### Instructions to follow
Search the listing below for the line with "PETG Красный 1000", then write out that line and every one after it exactly, without the pictures.

[Dataset extract — start]

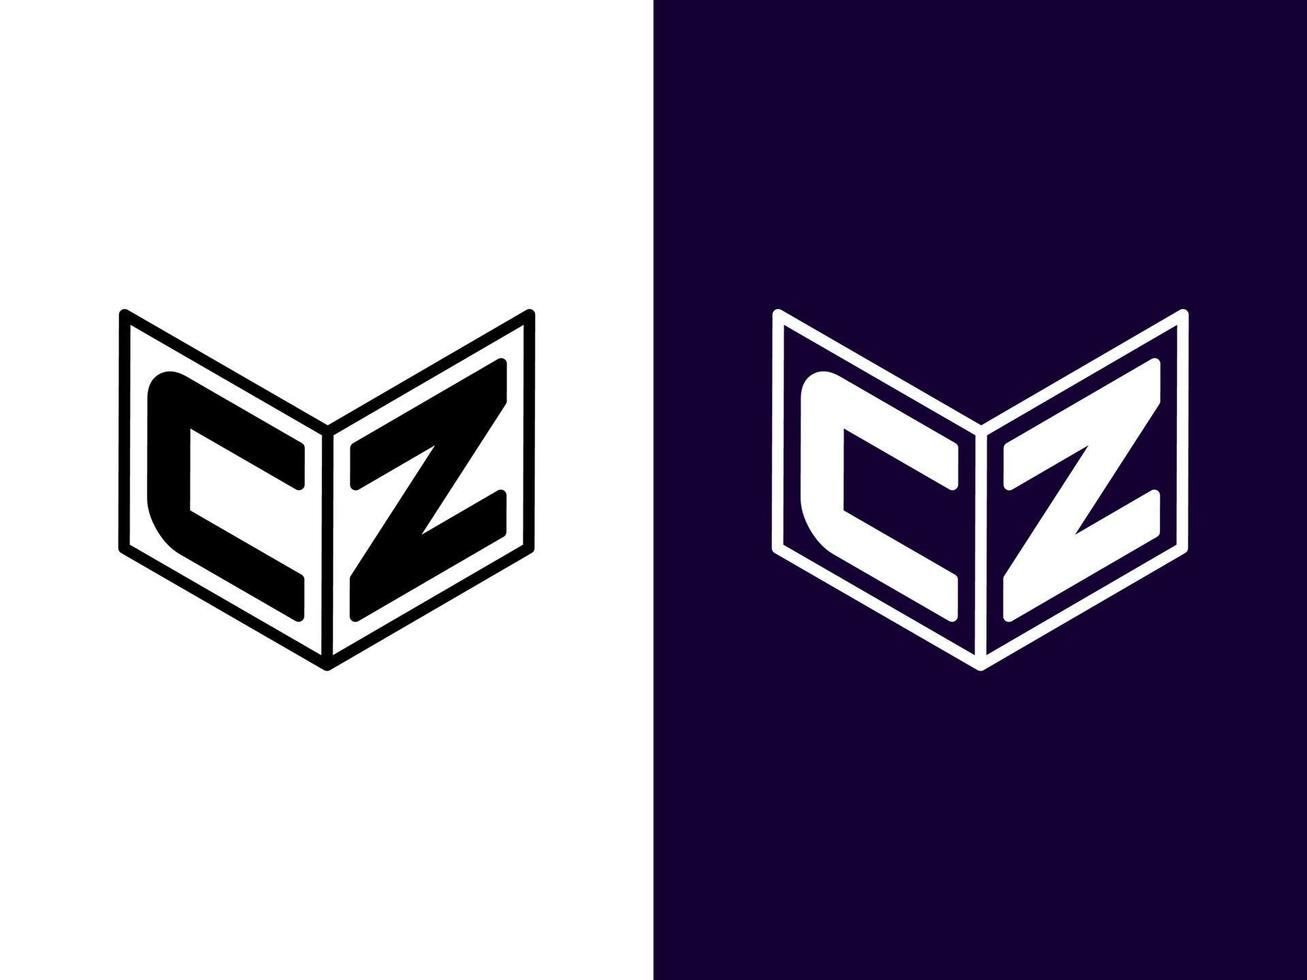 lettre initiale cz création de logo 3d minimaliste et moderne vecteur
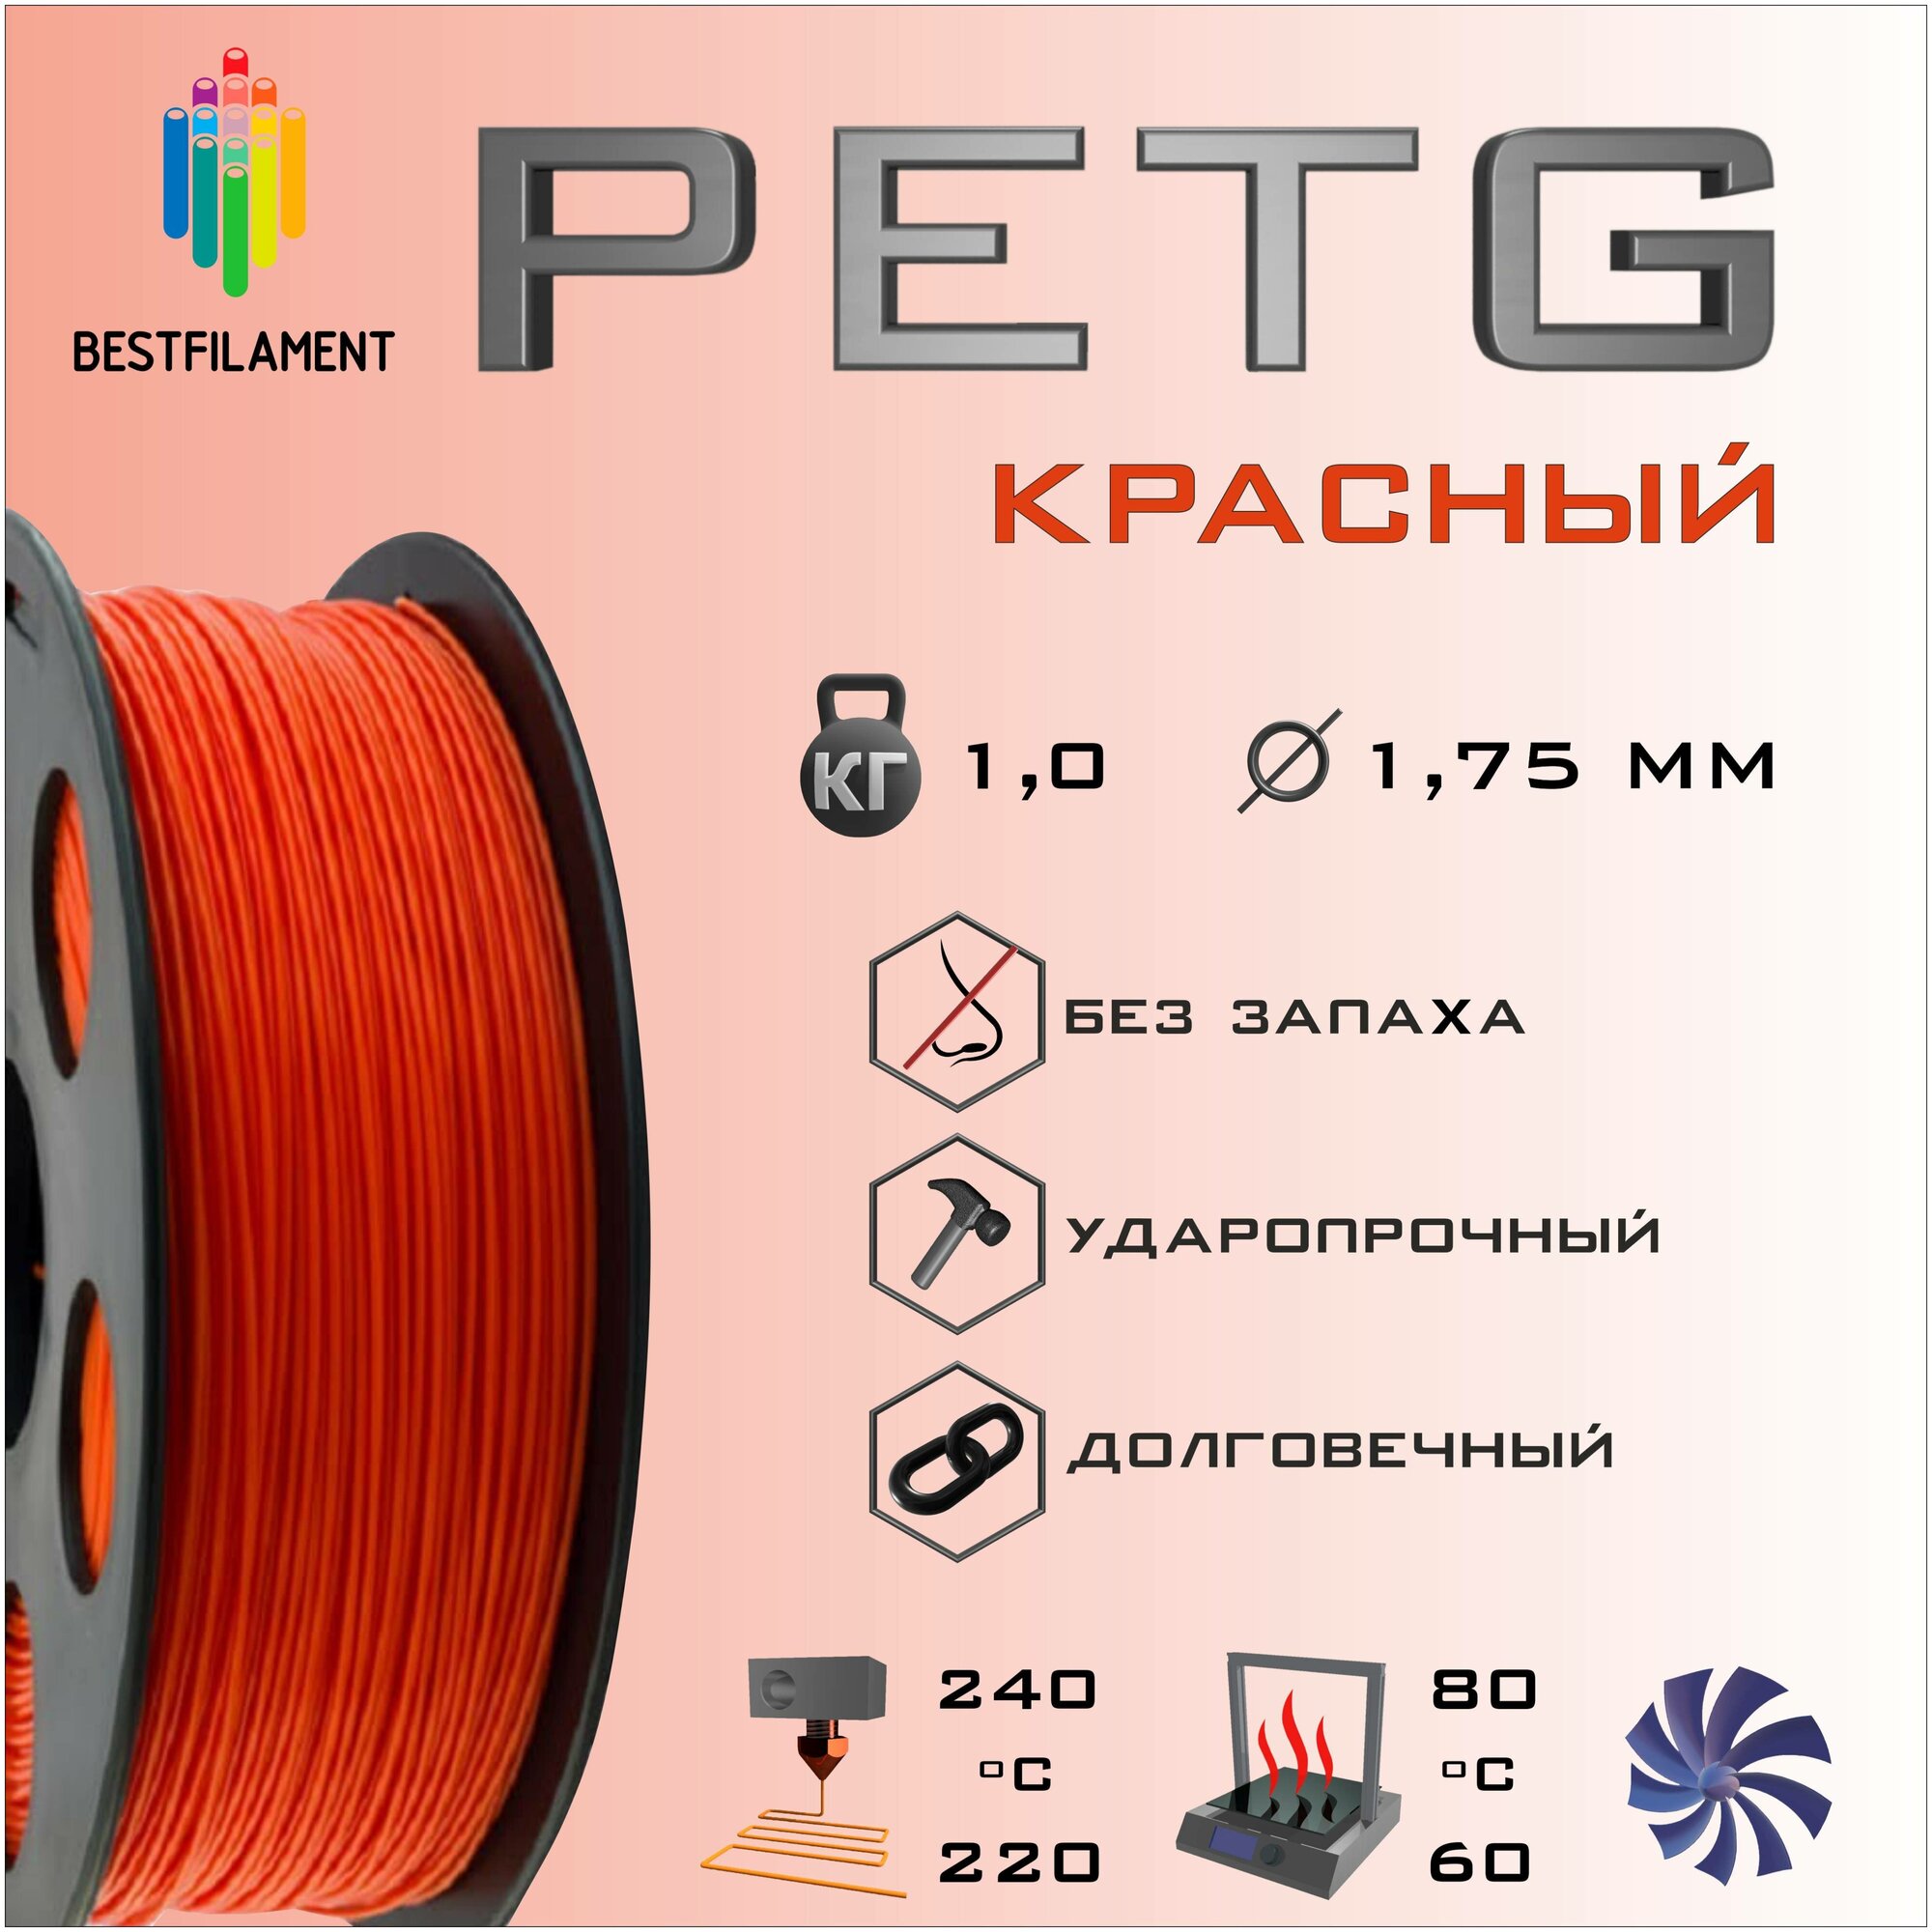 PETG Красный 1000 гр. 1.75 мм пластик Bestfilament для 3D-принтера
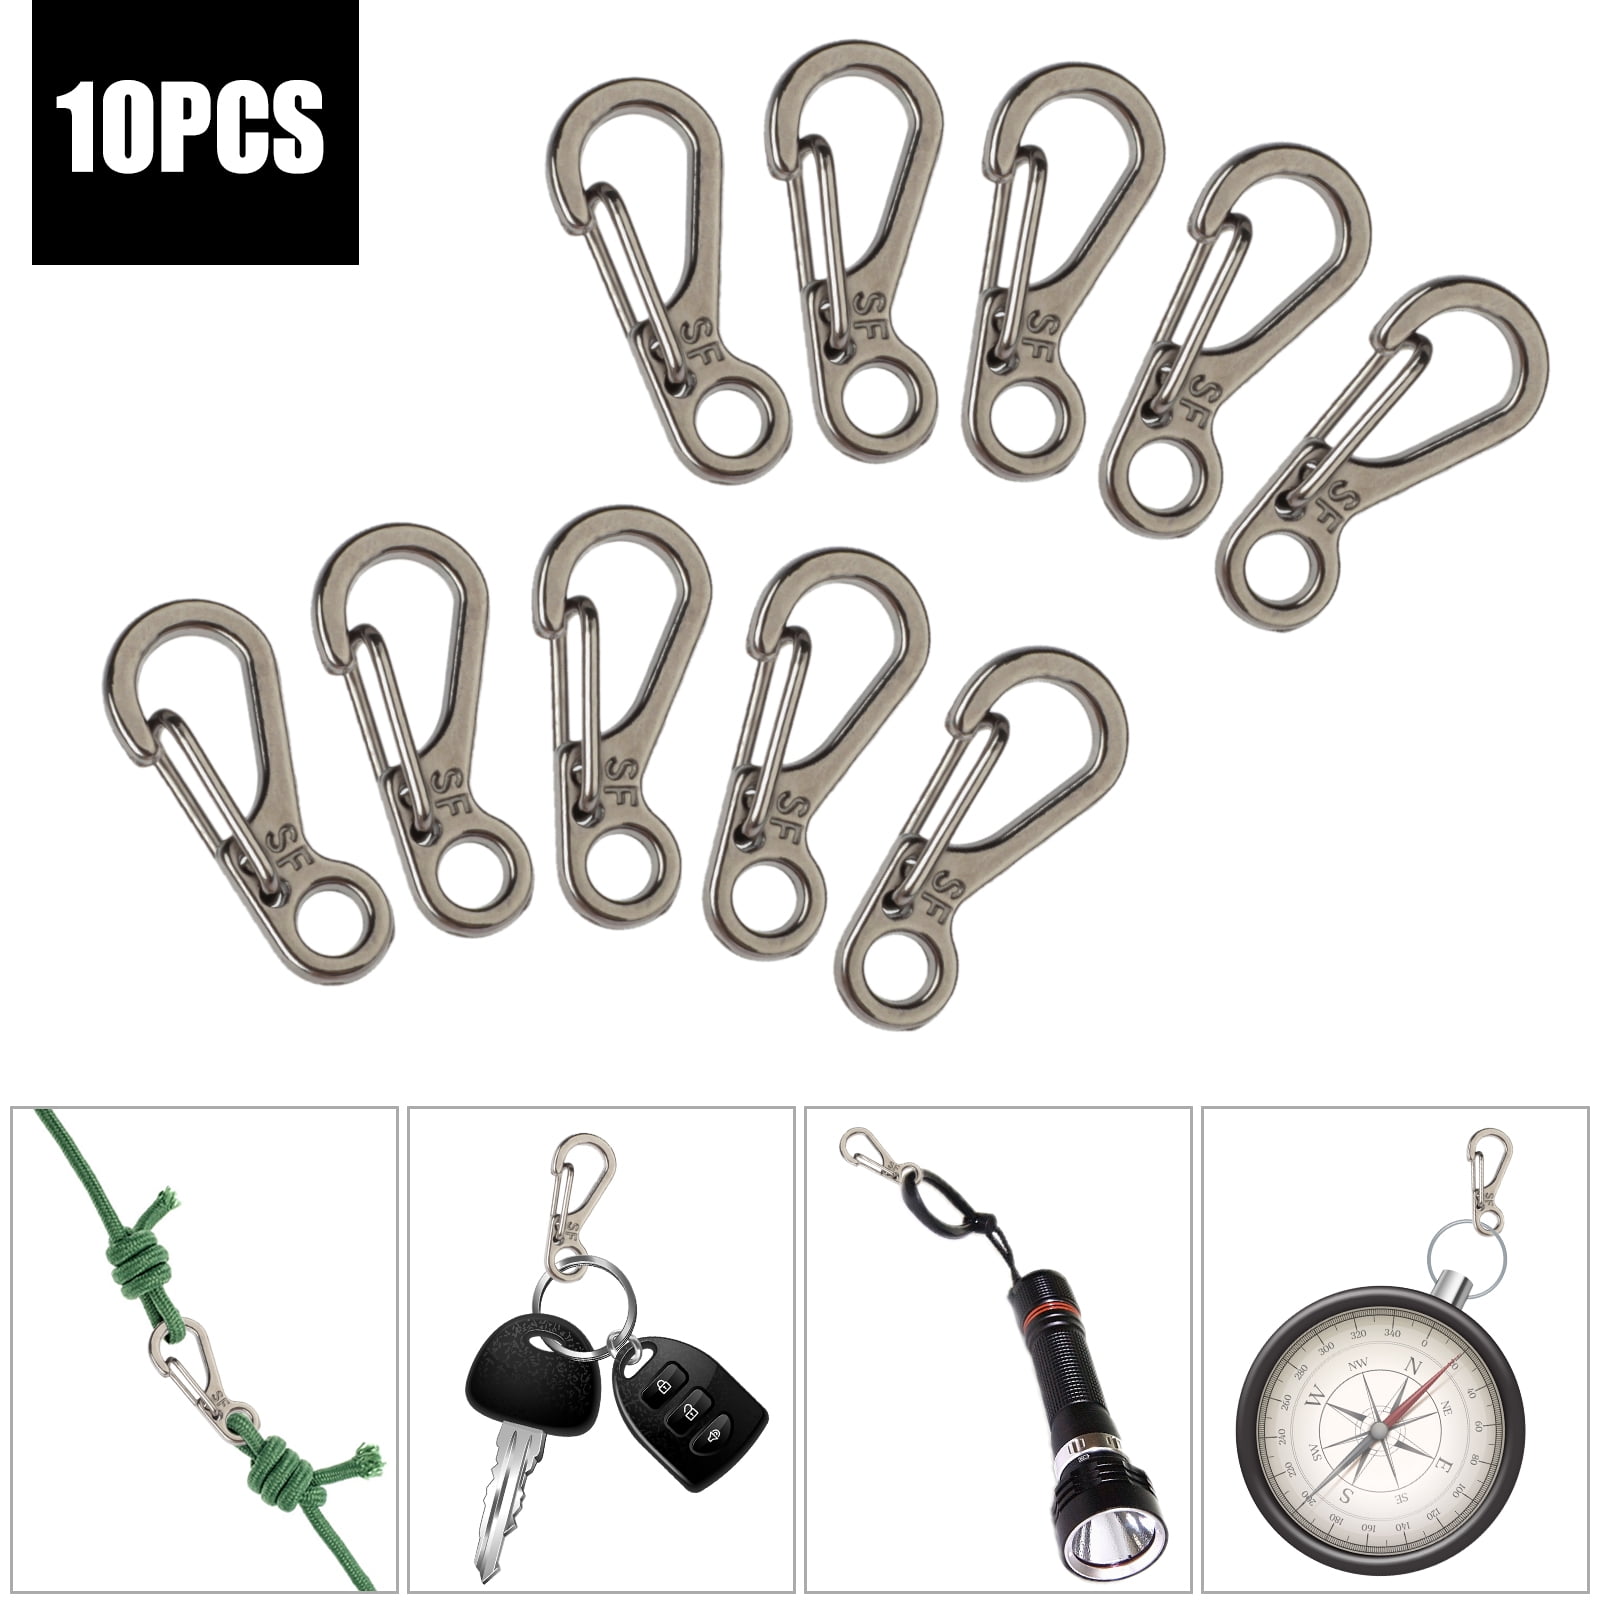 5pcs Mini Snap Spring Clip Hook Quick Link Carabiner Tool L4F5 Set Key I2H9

[Dataset extract — finish]

### Solution to this exercise
 PETG Красный 1000 гр. 1.75 мм пластик Bestfilament для 3D-принтера
 5pcs Mini Snap Spring Clip Hook Quick Link Carabiner Tool L4F5 Set Key I2H9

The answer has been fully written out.